▸ Task directions:
Retype the listing found below exactly, but leave out each picture.

++++ Recorded data

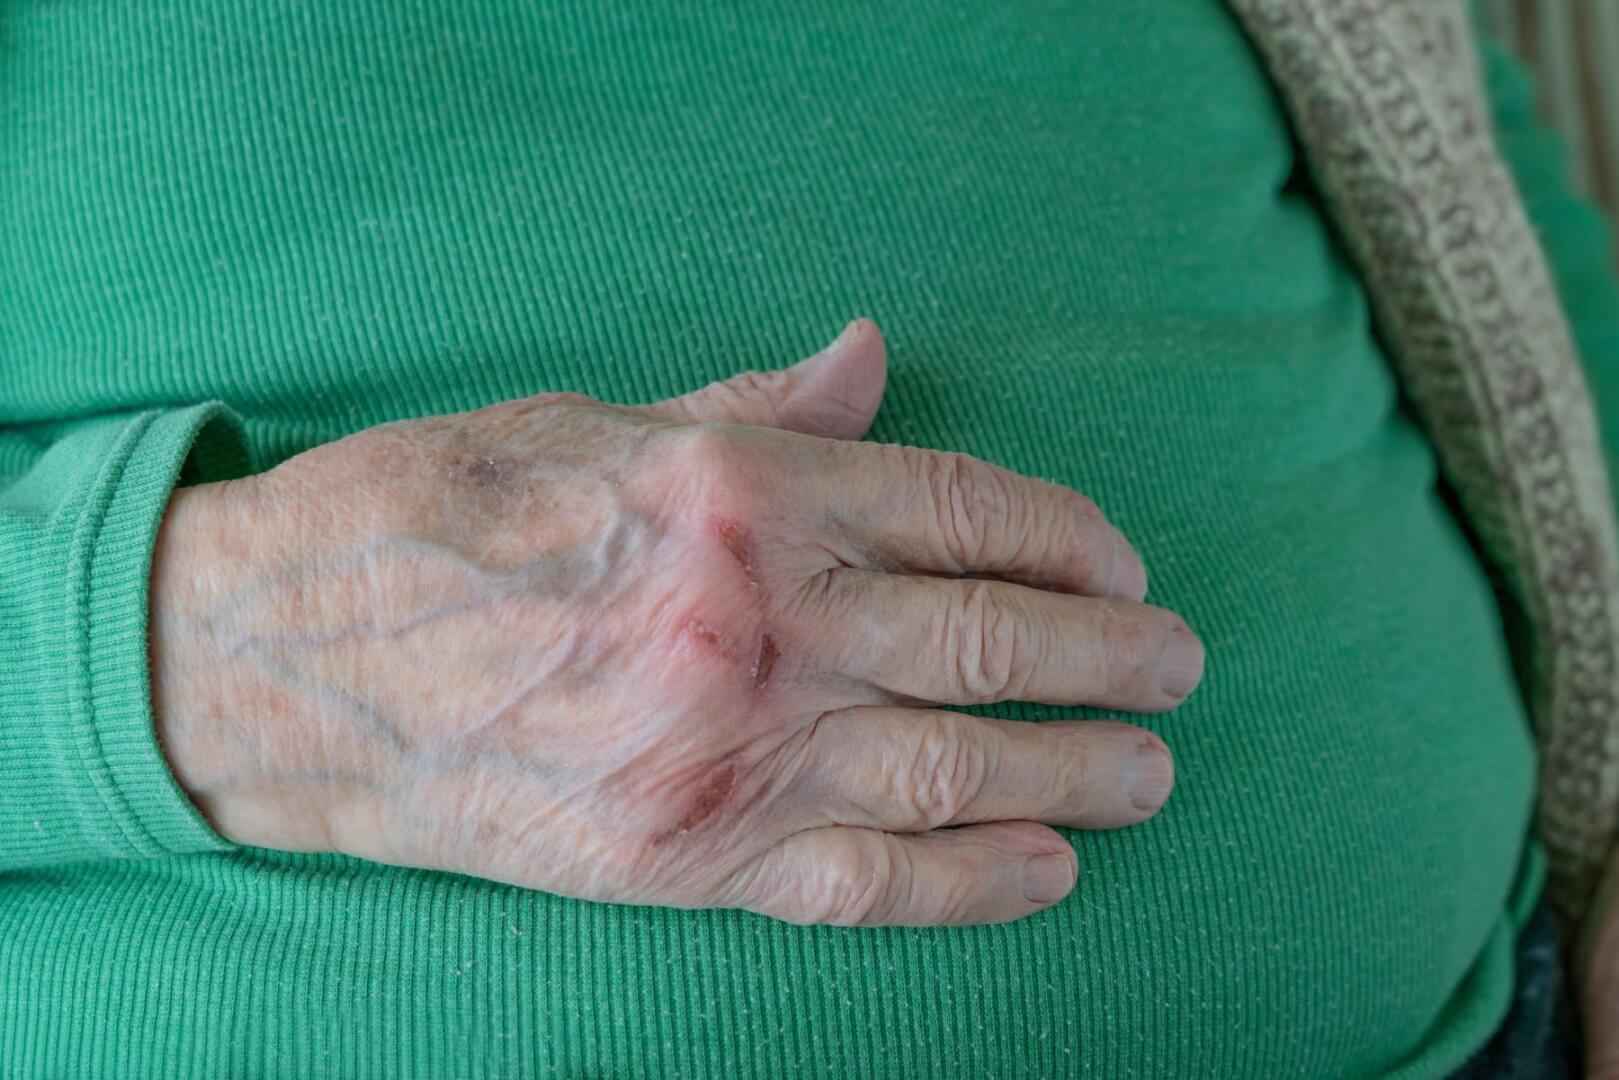 Un plano corto de una mano de un anciano con una cicatriz.
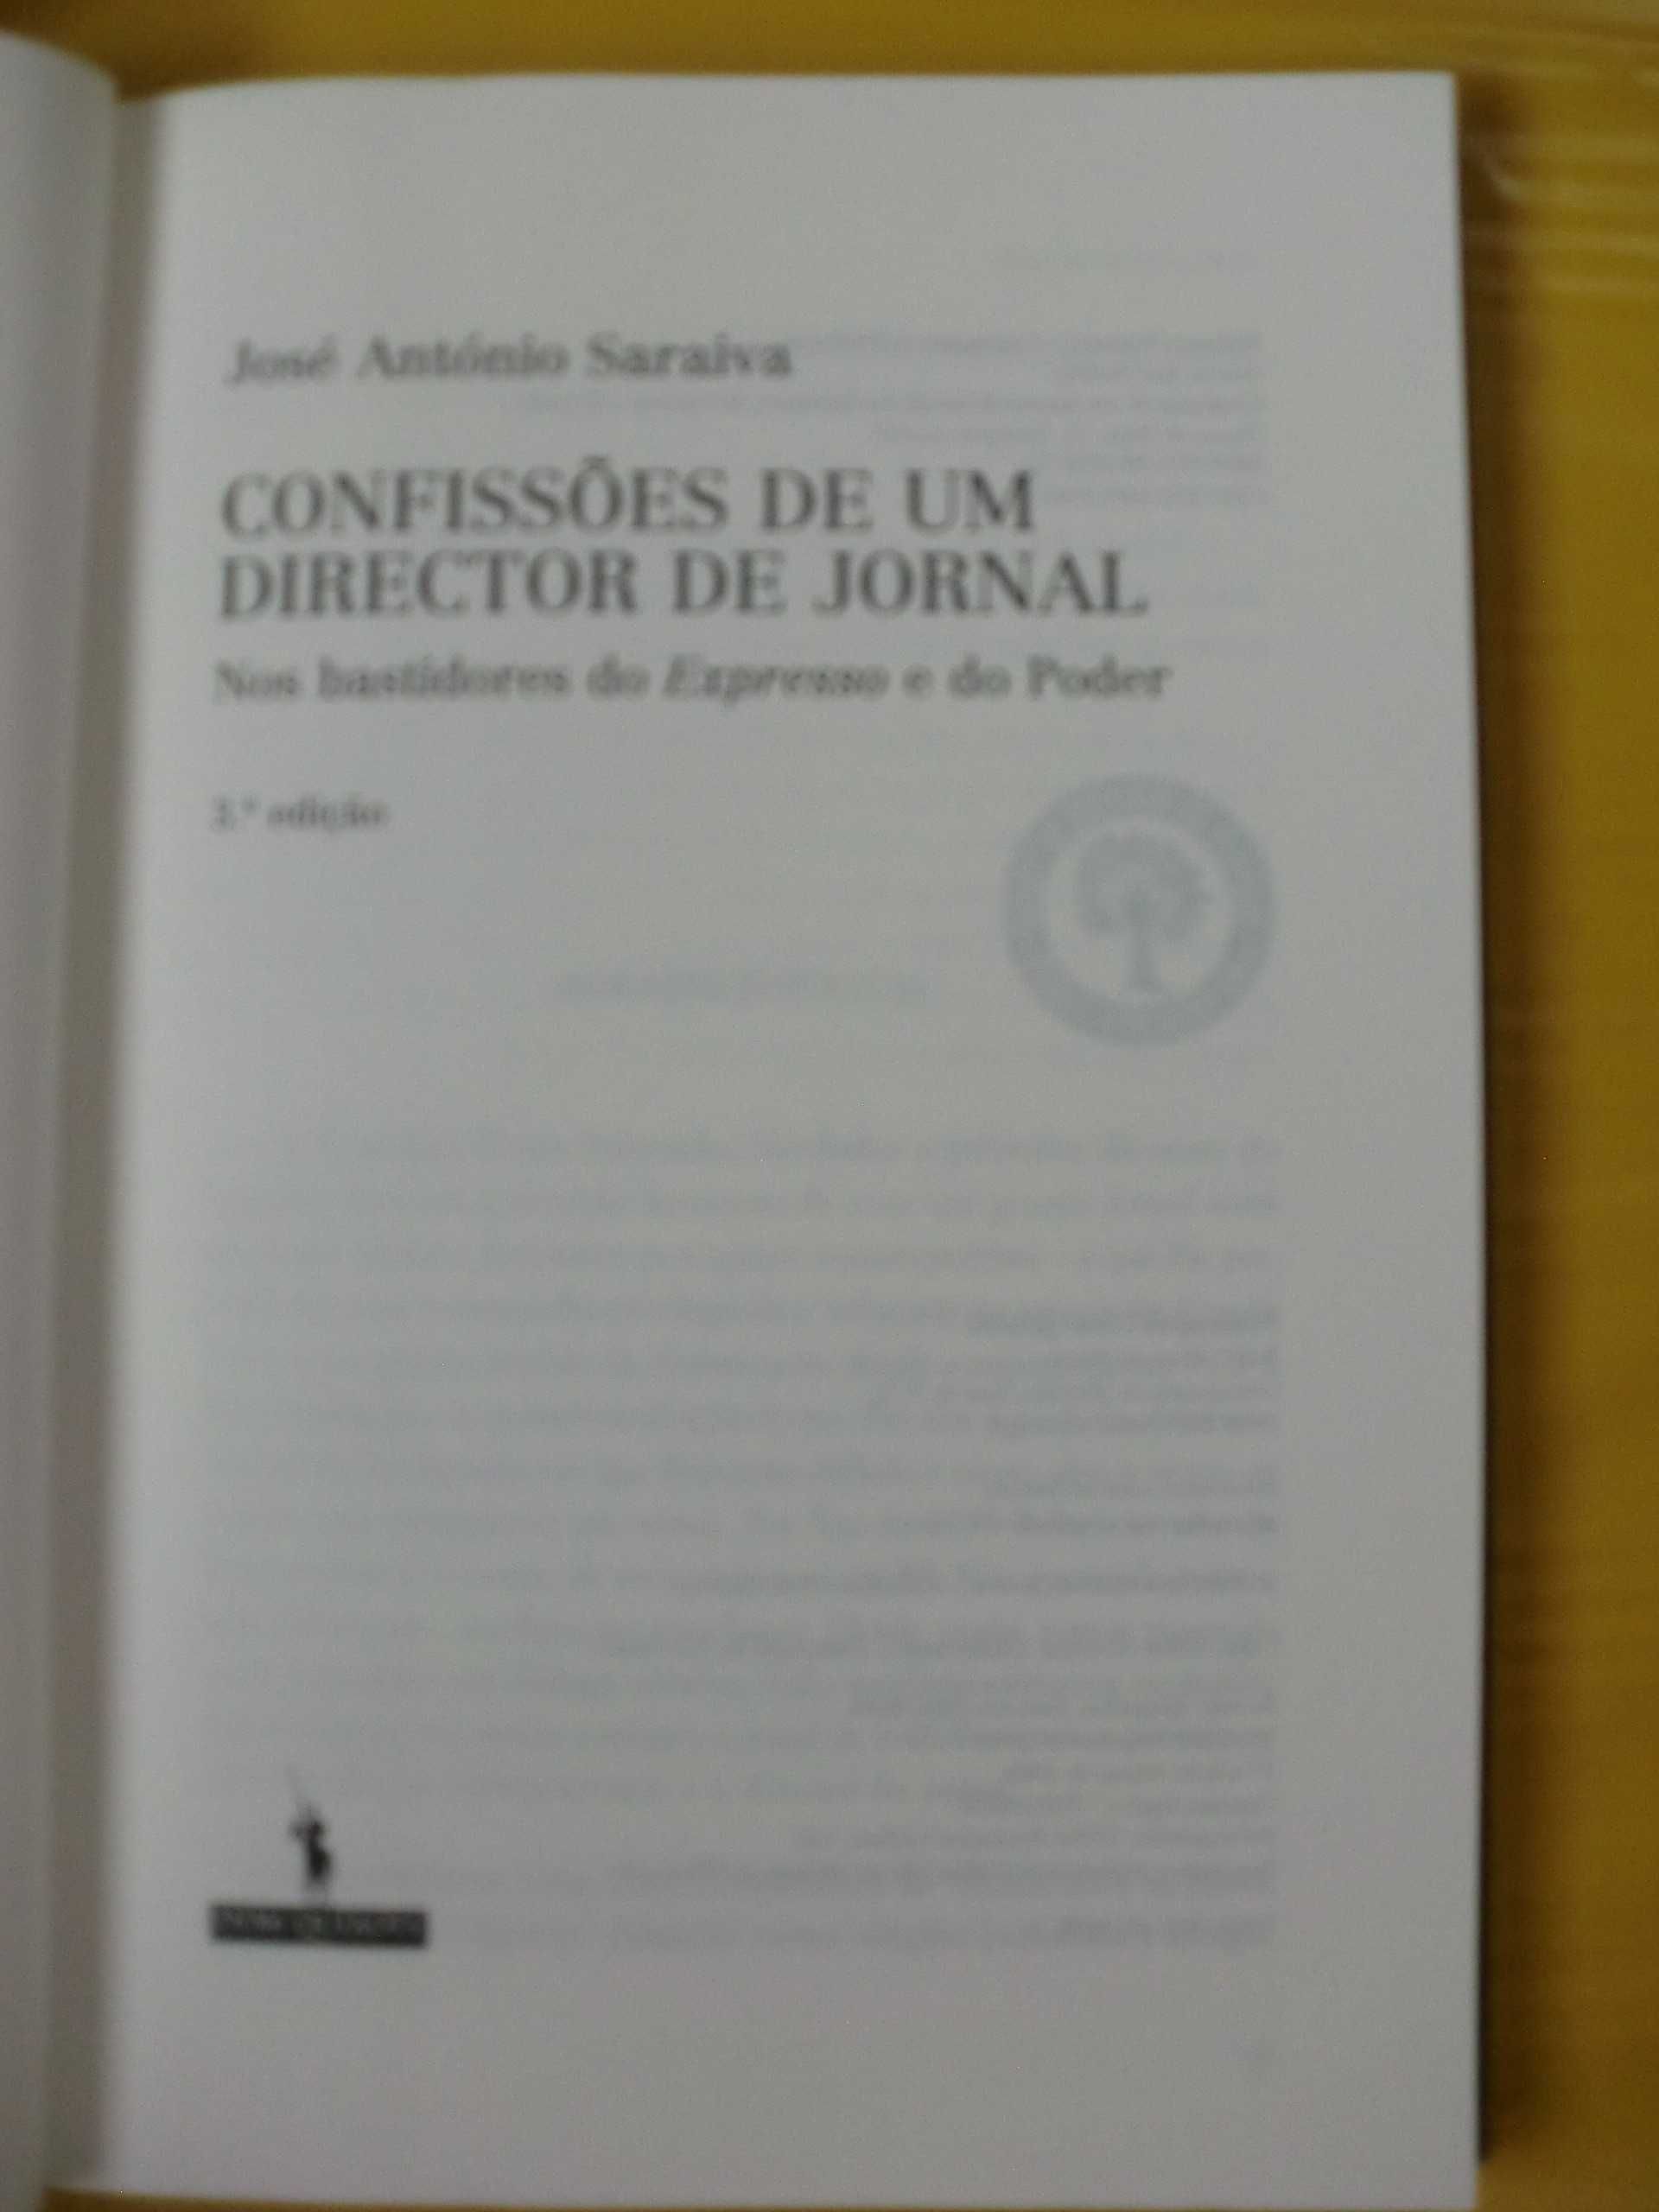 Confissões de um director de jornal
de José António Saraiva

++++++++

▸ Answer box:
 Un plano corto de una mano de un anciano con una cicatriz.
 Confissões de um director de jornal
de José António Saraiva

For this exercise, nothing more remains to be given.